Fig. 3.. In vivo integration of eDAPS in the rat tail.

(A) Second Harmonic Generation (SHG) images of the AF-endplate and vertebral body (VB)-endplate in eDAPS implanted for 10 and 20 weeks. The AF-vertebral body interface of the native rat tail IVD is shown for comparison. Scale = 200 μm. (B) Mallory-Heidenhain stained histology of native rat tail IVD and the PCL endplate regions at 10 and 20 weeks. Bone matrix stains purple/pink, unmineralized collagen stains blue, and erythrocytes stain orange (arrows). Scale = 200 μm. (C) Representative stress strain curves from tension to failure tests of eDAPS implanted motion segments compared to native rat tail motion segments. Two out of three motion segments in the 10-week group had quantifiable tensile properties – the remaining sample failed during dissection (represented as “0” data point on graphs D-E). (D) Quantification of tensile toe and (E) linear region modulus (P = 0.03, 10W vs. native) (F) Quantification of failure stress (P = 0.01, 10W vs. native) and (G) failure strain (P = 0.03, 10W vs. native). Quantitative data are shown as mean with standard deviation (n = 3-5 per group). Significant differences between groups were assessed using a Kruskal-Wallis with a Dunn’s multiple comparison test.

Fig. 4.. Translation of eDAPS to a large animal model.

Photographs of eDAPS sized for the goat cervical disc space fabricated and seeded with bone marrow derived allogenic MSCs. (A) The C2-C3 disc space was exposed via an anterior approach, and the native disc and portion of the adjacent endplates were removed under distraction. (B) 16 mm diameter by 9 mm high eDAPS, pre-matured for up to 13 weeks, were placed within the prepared disc space and (C) distraction was released. (D) The motion segment was fixed with a cervical fixation plate. (E) All animals recovered from the procedure without complication and retained full cervical spine function.

Fig. 5.. Four week in vivo performance of eDAPS in a goat cervical disc replacement model.

(A) Alcian blue (proteoglycans) and picrosirius red (collagen) stained sections of the eDAPS prior to implantation (after 13 weeks of pre-culture). (B) Alcian blue and picrosirius red stained sagittal histology sections 4 weeks post-implantation. Best and worst representative eDAPS are shown. Scale = 1 mm. (C) SHG imaging for organized collagen deposition within the PCL endplate, Scale = 200 μm. (D) DAPI staining (scale = 50 μm) and immunohistochemistry for collagen II, aggrecan, and collagen I in the NP and AF regions of the eDAPS (scale = 250 μm).

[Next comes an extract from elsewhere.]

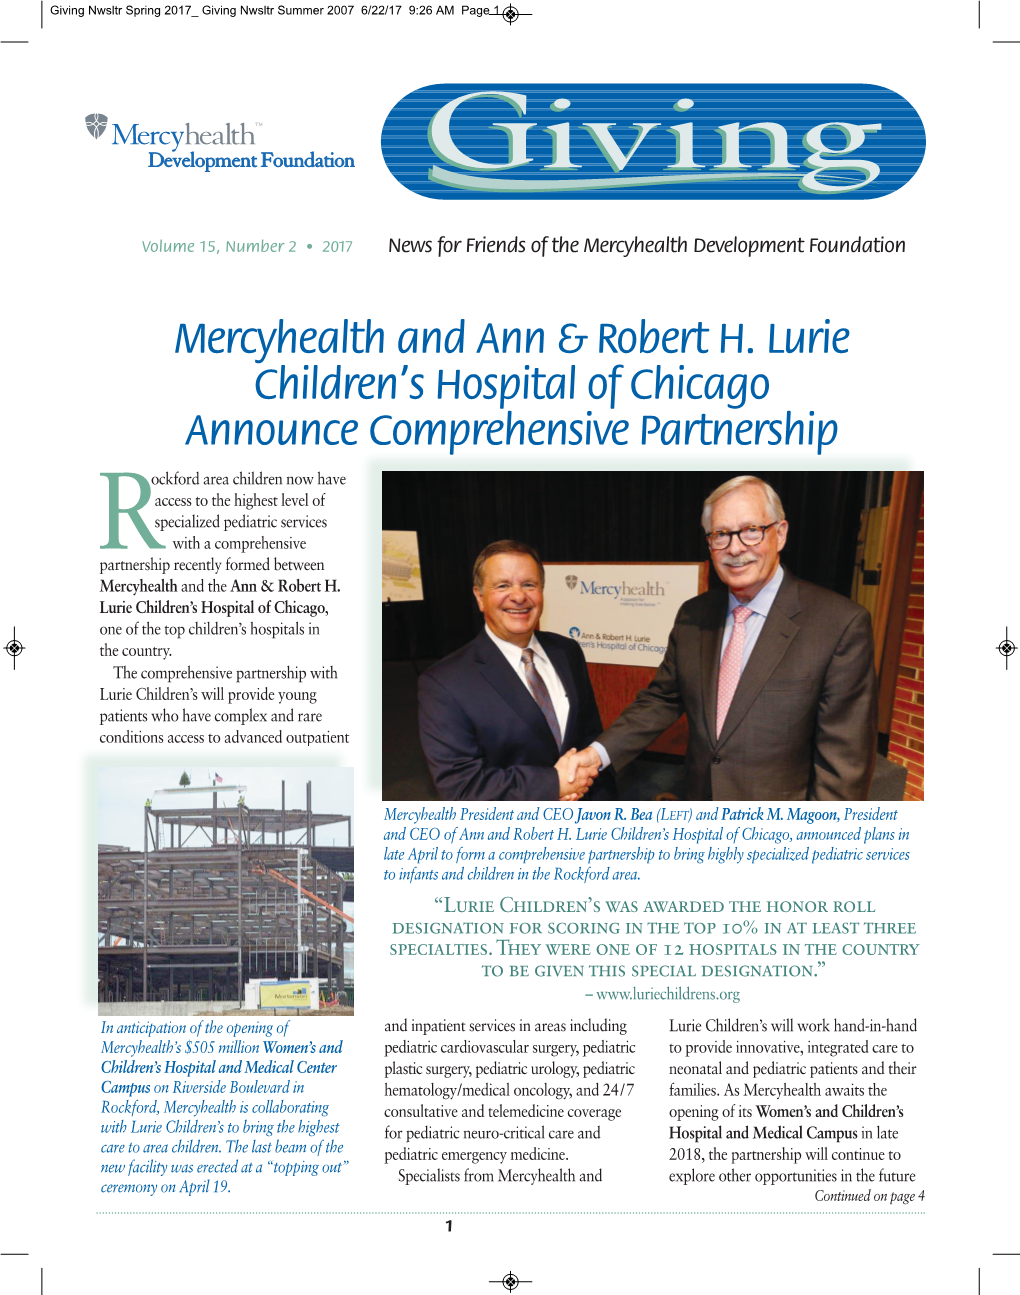 Mercyhealth and Ann & Robert H. Lurie Children's Hospital Of

Fig. 6.. Eight week quantitative MRI and mechanical properties of eDAPS in a goat cervical disc replacement model.

(A) Representative T2-weighted MRIs of eDAPS prior to implantation (scale = 2 mm) and (B) 8 weeks post-implantation (arrow, scale = 5 mm). (C) Quantification of NP T2 relaxation times in eDAPS implants compared to native goat cervical discs (P = 0.04, two-tailed Mann-Whitney test, n = 3-13 per group). (D) Representative stress-strain curves from compression testing of goat eDAPS before and after implantation, compared to native goat cervical motion segments. (E) Quantification of toe and linear moduli of eDAPS implanted motion segments compared to native goat cervical motion segments and eDAPS pre-implantation (P = 0.02, pre-implantation vs. 8W toe modulus). (F) Quantification of transition and maximum strain in 8 week eDAPS implants compared with native motion segment and eDAPS pre-implantation (P = 0.04, 8W vs. pre-implantation transition strain; P = 0.03, 8W vs. pre-implantation maximum strain). Quantitative data are shown as mean with standard deviation. Significant differences in mechanical properties between groups (n = 3-4 per group) were assessed via a Kruskal-Wallis with Dunn’s multiple comparison test.